The Zen of Cooking: Sauted Chicken with Port
Restaurant work came to mind when I recently read "Shop Class as Soulcraft: An Inquiry Into the Value of Work" by Matthew Crawford, a book described http://www.newyorker.com/arts/critics/at large/2009/06/22/090622crat_atlarge_sanneh?currentPage=all as a 21st century update to Robert Pirsig's classic, "Zen and the Art of Motorcycle Maintenance." Crawford's book bemoans the closing of high school shop classes to free up funds for more computer labs, in effect pointing everyone to college to pursue mental rather than physical labor. Crawford finds beauty and pleasure in physical work that creates tangible objects and finds little joy in Dilberts that sit behind desks filling out forms while dreaming of "tricking out their bikes".
Restaurant work is blue-collar labor that offer a daily "do-over". Every day ends with a cash register tally of meals served and the following day offers another opportunity to do it better. Next to the Sound Food prep kitchen where I worked, Bob Long continually trained a revolving door of young would-be bakers while simultaneously producing three baker's racks of bread, baguettes, cookies, bear claws, brioche, pies, and cakes. Bob understood bread so thoroughly that once I heard him tell a probie who asked how long to mix the dough, "Just listen, you can tell by the sound of the dough as it slaps against the Hobart". And this in a bakery with the tinny radio turned up to painful.
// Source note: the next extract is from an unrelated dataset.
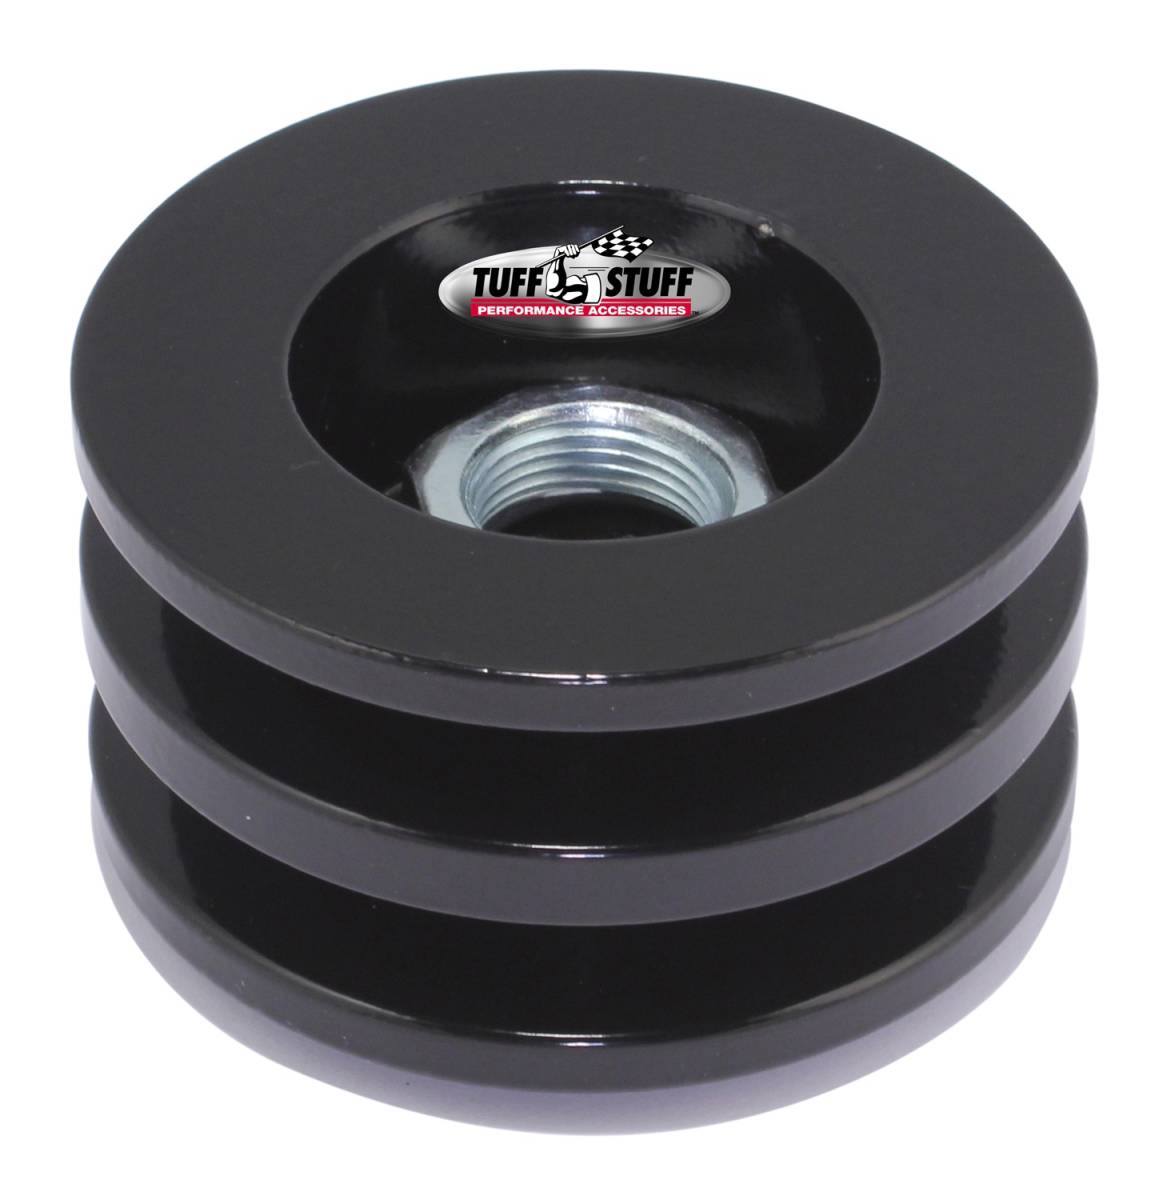 Tuff Stuff Performance - Alternator Pulley 2.628 in. Double V Groove Incl. Lock Washer/Nut Stealth Black 7610FB

Cooking on the line in a restaurant offers the opportunity to experience total absorption in loosing time while working. A restaurant kitchen line usually includes a grill cook, at least one sauté cook, an expediter (he/she's the guy who reads the meal tickets as they come in, assigns the menu items to the correct cook, and deals with the runners who deliver the food), a pantry person, and a pastry/dessert person. When the line consists of skilled cooks who can focus amidst chaos, a busy night becomes an exhilarating rush, a flowing, engrossing, dance where thought becomes action and time disappears. Overlapping table tickets each with "sauce on the side, no onions, hold the cheese, leave out the meat, allergic to shrimp" are completed only to disappear into the dining room, reappearing later as scraps for the dishwasher.
A good line cook doesn't necessarily have to be a good cook. They listen to how "the boss" wants the food to taste and look, and are able to reproduce that single lesson over and over, night after night, never loosing speed or sacrificing taste for efficiency. A line cook may prepare the same dish twenty, thirty, forty times a shift allowing the final product to be perfected and refined. Each day's work ends as you walk out the door and the next day begins with a clean slate.
I've been a Dilbert and I've been a cook. I never wondered what time it was when I was a cook.
Here's a good one from the long-gone Trumps.
Chicken with Port
Add butter to hot sauté pan. When foaming has stopped, brown chicken breast, skin side down. Pour off fat.
Add 2 T. shallots, 2 parts red Port to one part chicken stock to sauté pan with chicken.
Roast in oven for 10 minutes. Remove pan from oven, remove chicken breast and keep warm.
Reduce liquid (port/chicken stock) to syrup. Add ½ c. heavy cream—reduced until thickened.
Add 2 T. stilton cheese, and whisk in 2 T. cold butter. If the cream sauce separates, just add a little water to the pan and swirl around.